MDEV-25454 - UBSAN fixes and use clang when building with UBSAN in GitLab CI #3262

anson1014 · 2024-05-16T04:52:27Z

The Jira issue number for this PR is: MDEV-25454

Description

This PR addresses two common UBSAN violations found when running the MTR main suite with -DWITH_UBSAN=YES on clang-16. Currently running the MTR with UBSAN using gcc will not output any errors. The aim is to bring us closer to the eventual goal of this same result on both compilers.

Attempting to offset a null pointer by zero

Adding zero as an offset to a null pointer is considered undefined behaviour and will be reported by UBSAN as such with error: "runtime error: applying zero offset to null pointer". Simply refactor the offending cases to ignore the offset when it's value is zero.

Unrepresentable NaN values

UBSAN will report cases where NaN is casted to a type as undefined behaviour (example: "runtime error: -nan is outside the range of representable values of type 'unsigned long long'"). Check for NaN values for the offending cases and handle them accordingly.

Furthermore, edits were made to the .gitlab-ci.yml file to further support sanitizer testing.

As stated above, many sanitizer violations that are outputted are compiler specific. Running the MTR with sanitizers enabled when compiling with clang:latest will still output violations that are not experienced when building with gcc. This causes an ever-failing job which makes it harder to detect new genuine sanitizer related regressions. Refactor GitLab sanitizer jobs to use gcc instead.
Additionally, allow for the override of default MTR parameters. Useful for jobs like TSAN where the MTR does not complete without violations and the default max-test-fails is 10. This prevents the test running from exitting early so it can still provide us with info of the failures for all tests in the suite.

Release Notes

N/A

How can this PR be tested?

./mtr --suite=main successfully passing and the targeted UBSAN violations are no longer occurring when building/running with -DWITH_UBSAN=YES on clang.

PR quality check

I checked the CODING_STANDARDS.md file and my PR conforms to this where appropriate.
For any trivial modifications to the PR, I am ok with the reviewer making the changes themselves.

All new code of the whole pull request, including one or several files that are either new files or modified ones, are contributed under the BSD-new license. I am contributing on behalf of my employer Amazon Web Services, Inc.
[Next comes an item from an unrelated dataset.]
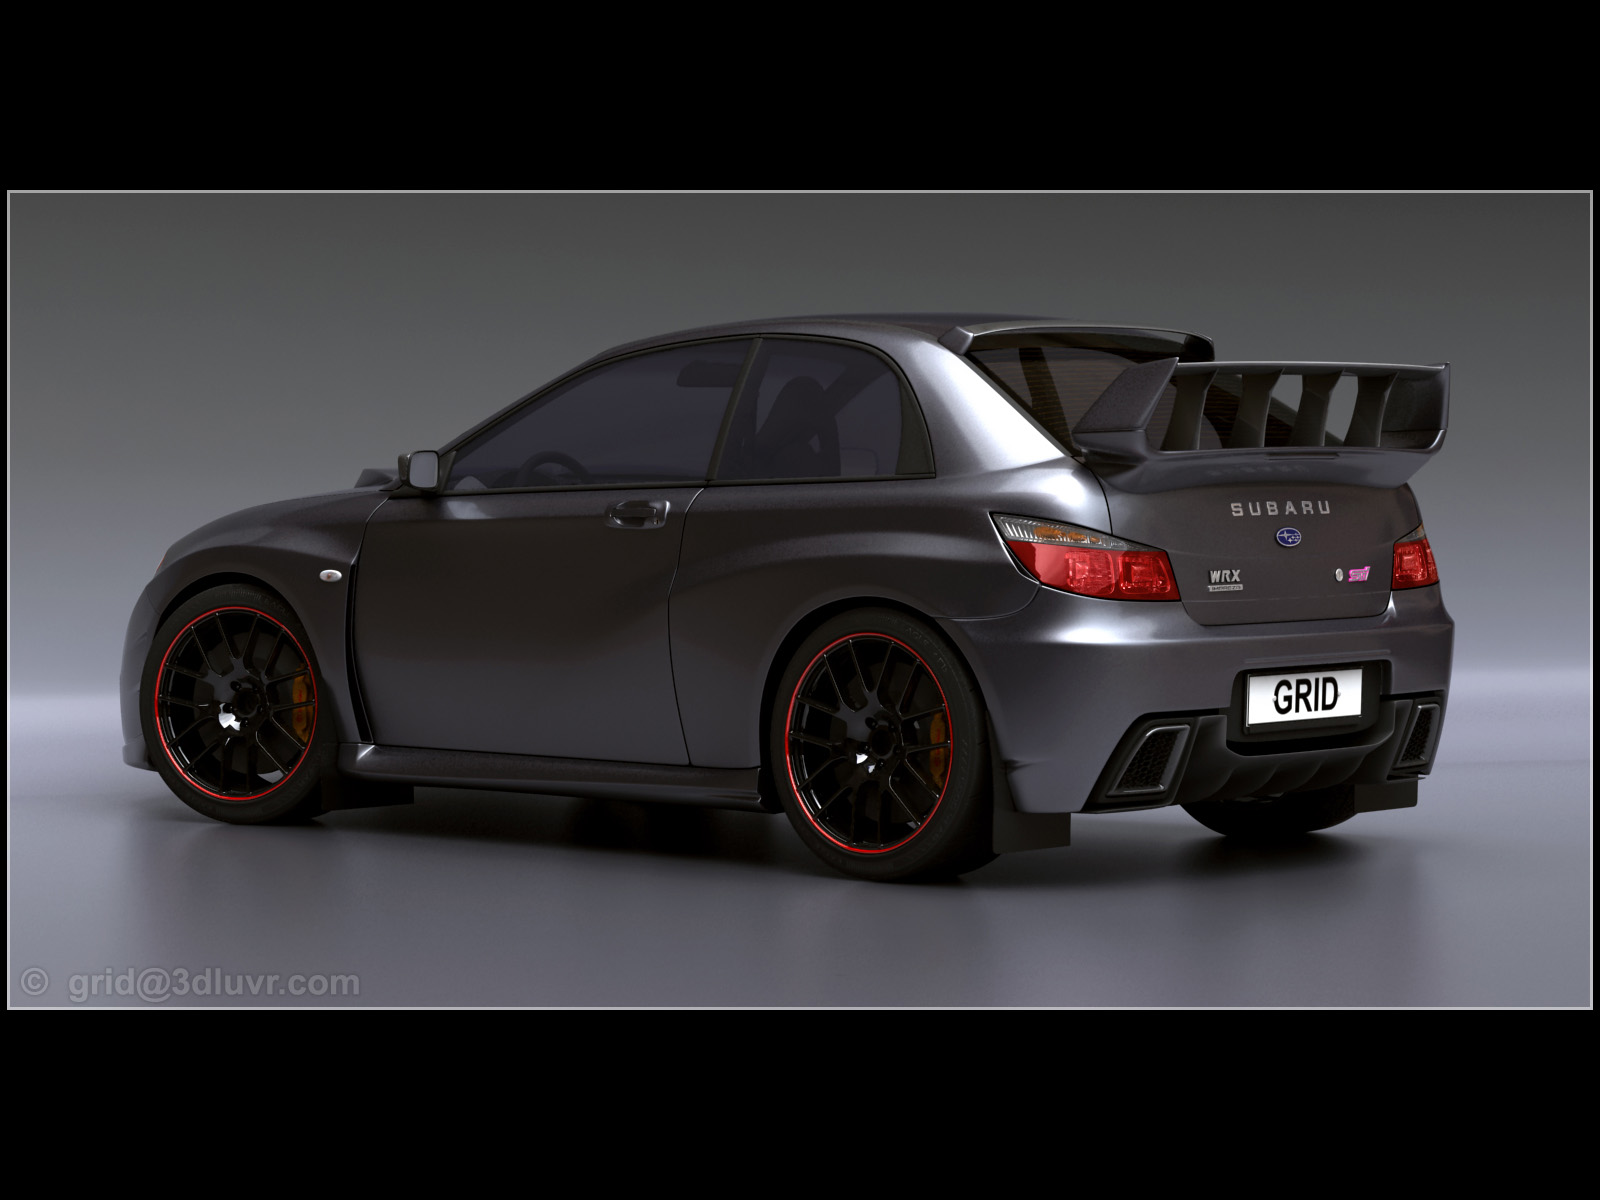 Subaru Impreza Wrx Sti Photos Photogallery With 56 Pics

Many sanitizer violations that are outputted are compiler specific. Running the MTR with sanitizers enabled when compiling with clang:latest will still output violations that are not experienced when building with gcc. This causes an ever-failing build which makes it harder to detect new genuine sanitizer related regressions. Refactor GitLab sanitizer jobs to use gcc instead. Additionally, the GitLab MTR job is subject to many MTR default parameters. One of them being the max test failure amount of 10. Refactor the MTR definition to allow for job specific overrides. In doing the above we allow for the sanitizer jobs to run with failures uncapped to output all violations for the entire MTR main suite as jobs like TSAN currently do not run the MTR without violations and are allowed to fail anyways. All new code of the whole pull request, including one or several files that are either new files or modified ones, are contributed under the BSD-new license. I am contributing on behalf of my employer Amazon Web Services, Inc.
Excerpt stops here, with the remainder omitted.